§ Exercise inputs
Start of Block

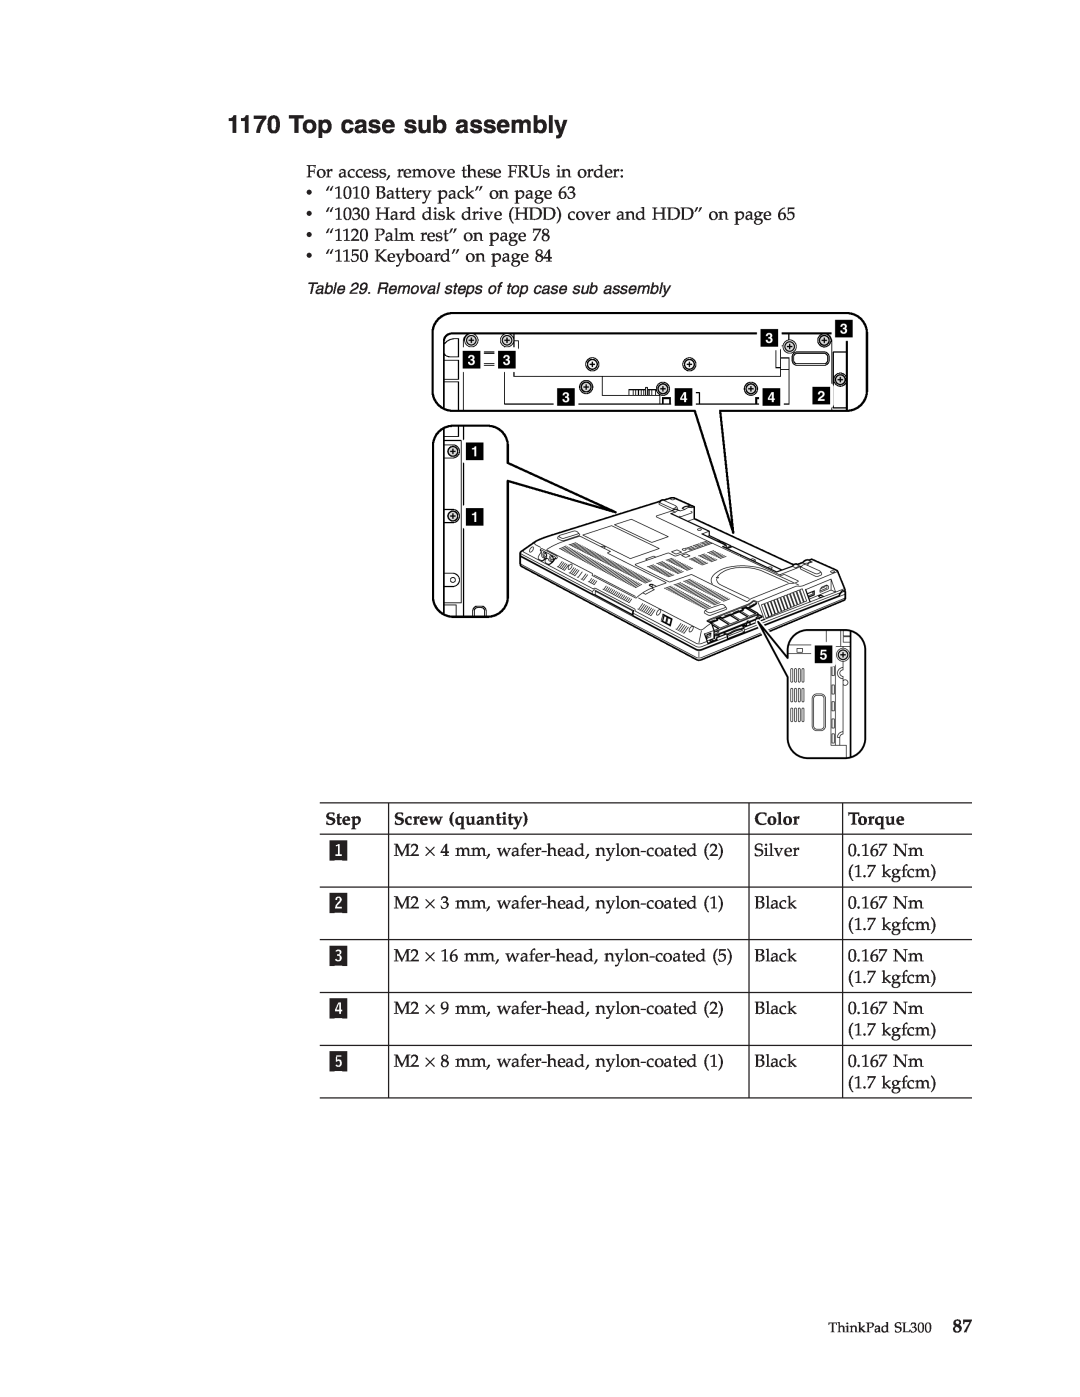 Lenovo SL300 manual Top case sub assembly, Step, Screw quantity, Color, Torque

End of Block
Start of Block

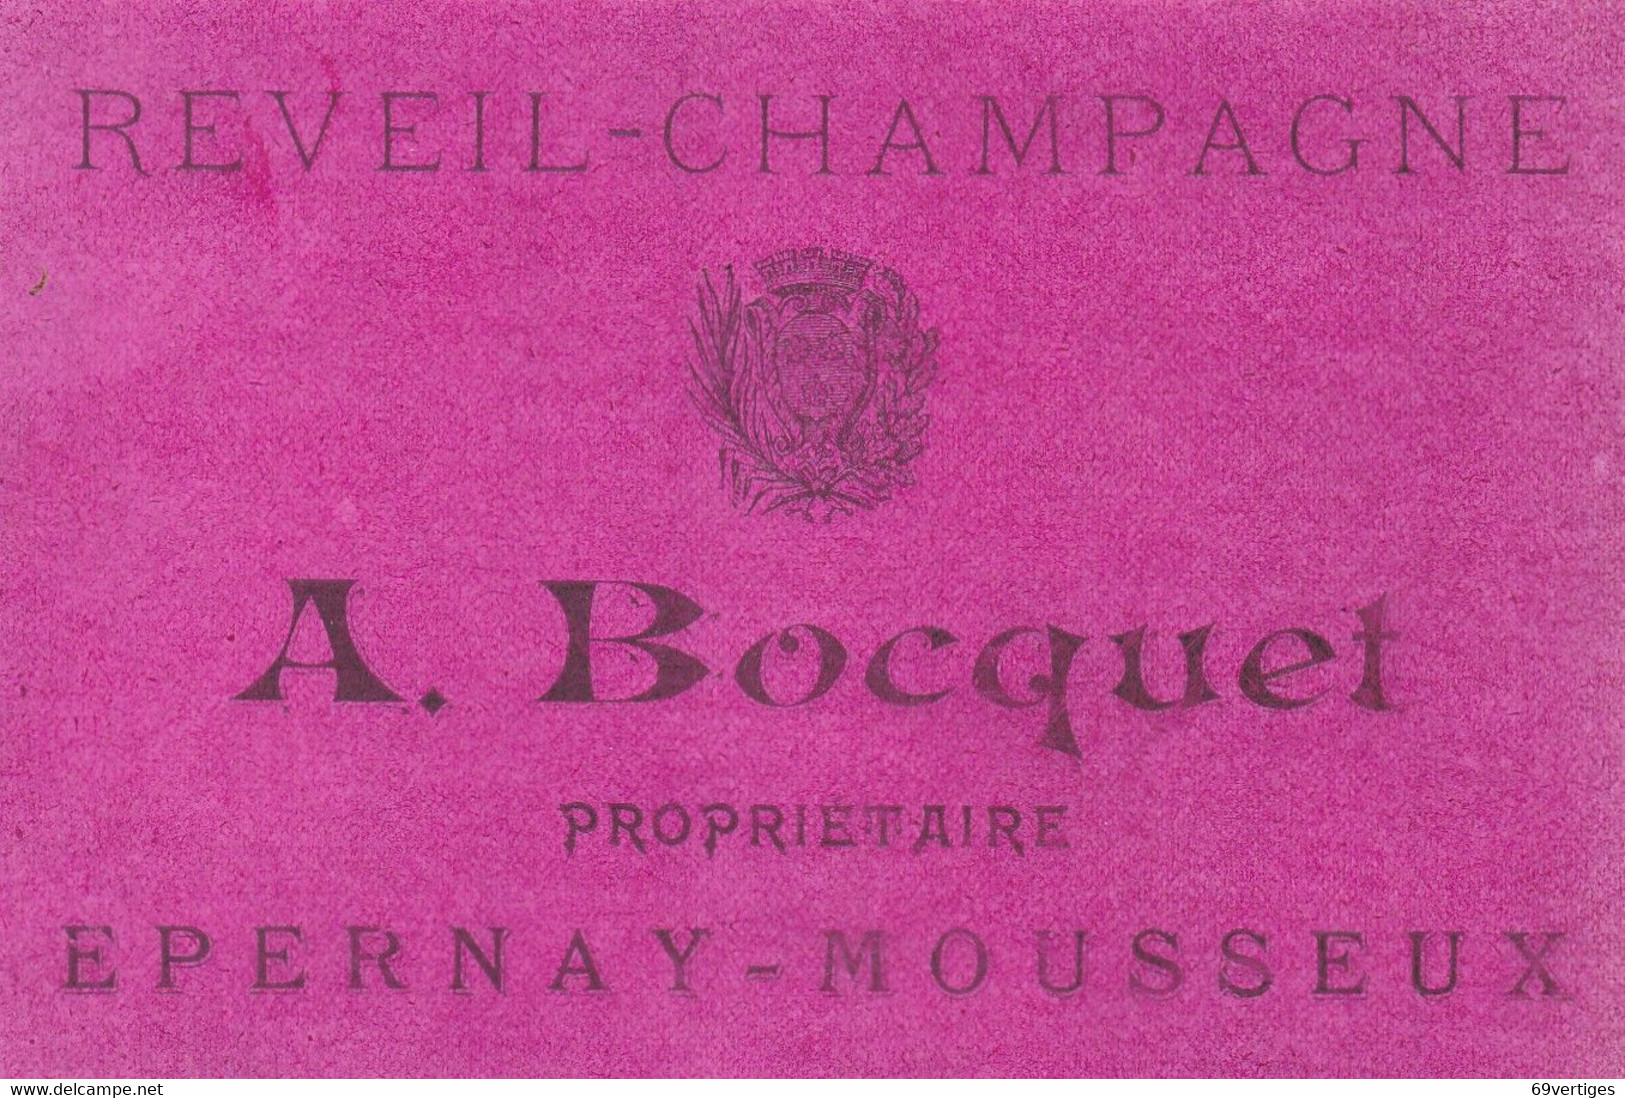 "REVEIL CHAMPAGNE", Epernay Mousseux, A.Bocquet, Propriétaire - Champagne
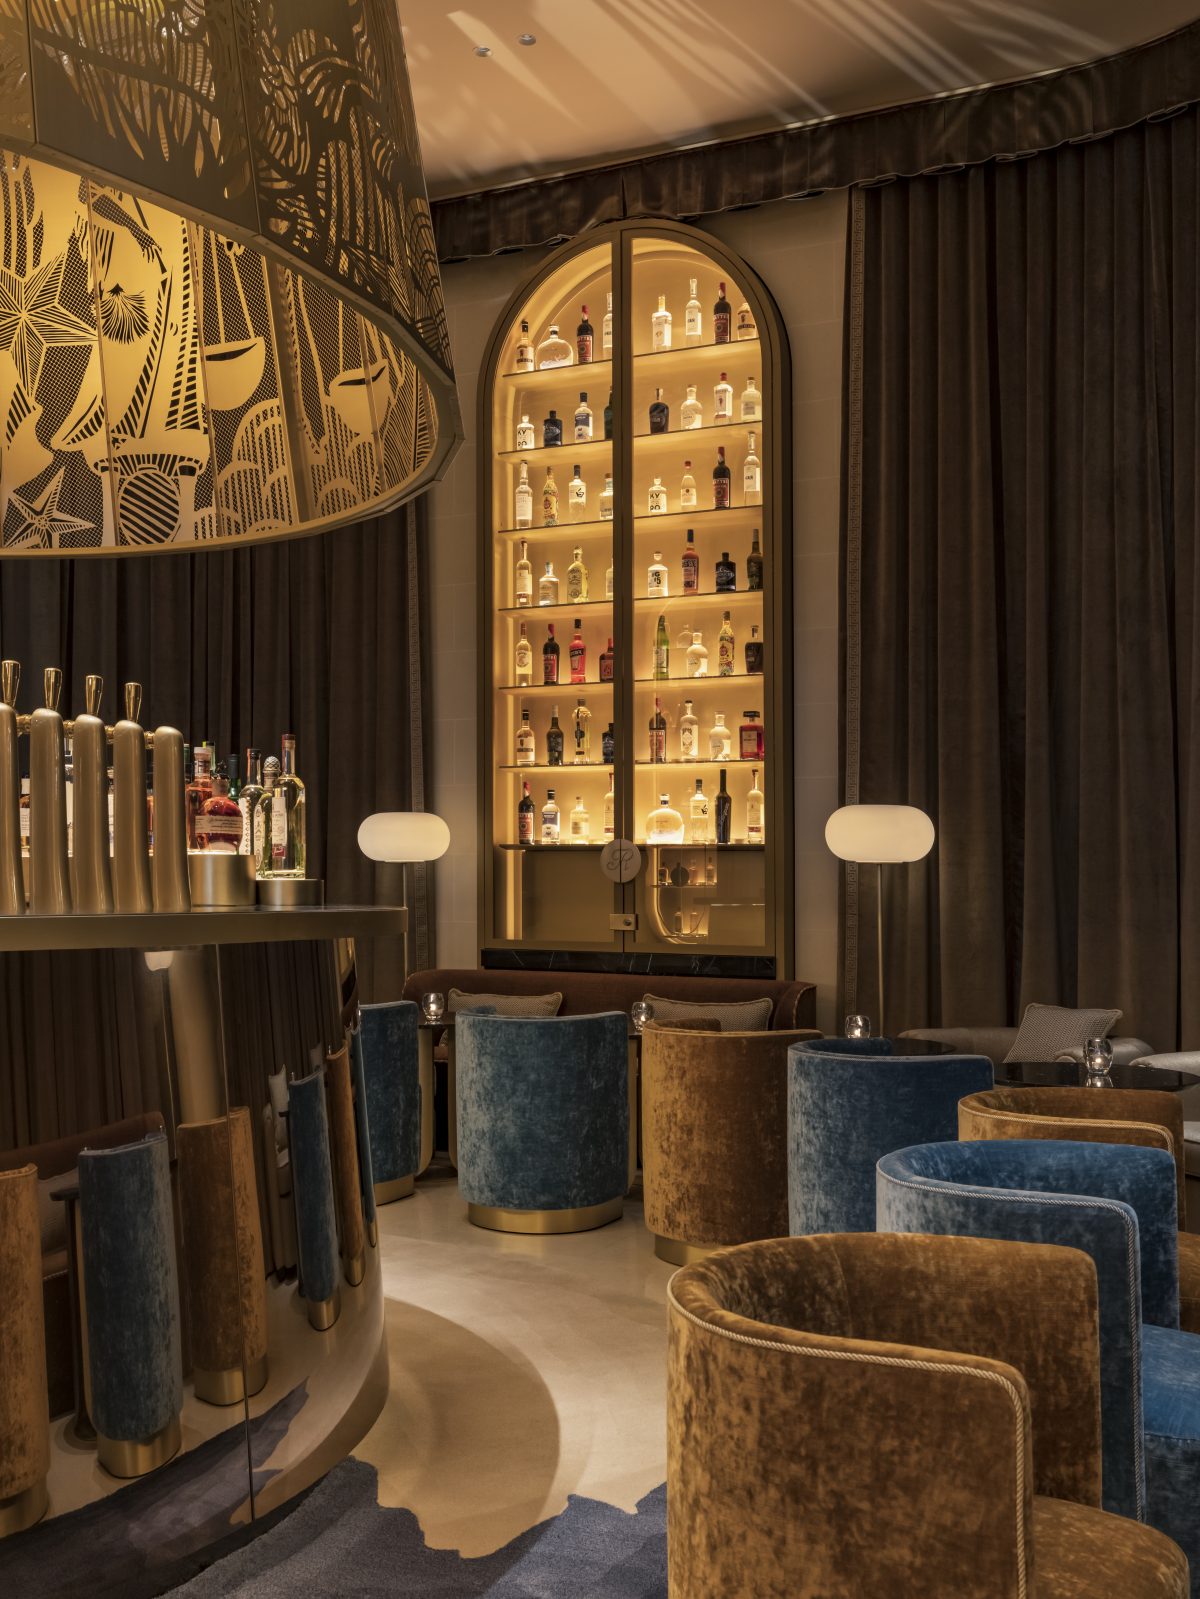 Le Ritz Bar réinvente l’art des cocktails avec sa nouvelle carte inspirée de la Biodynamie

End of Block

§ Exercise
Set down word for word the lines above from the one with "Propriétaire - Champagne" up to and including the one with "Le Ritz Bar". Omit every picture.

§ Your response
 "REVEIL CHAMPAGNE", Epernay Mousseux, A.Bocquet, Propriétaire - Champagne
 Le Ritz Bar réinvente l’art des cocktails avec sa nouvelle carte inspirée de la Biodynamie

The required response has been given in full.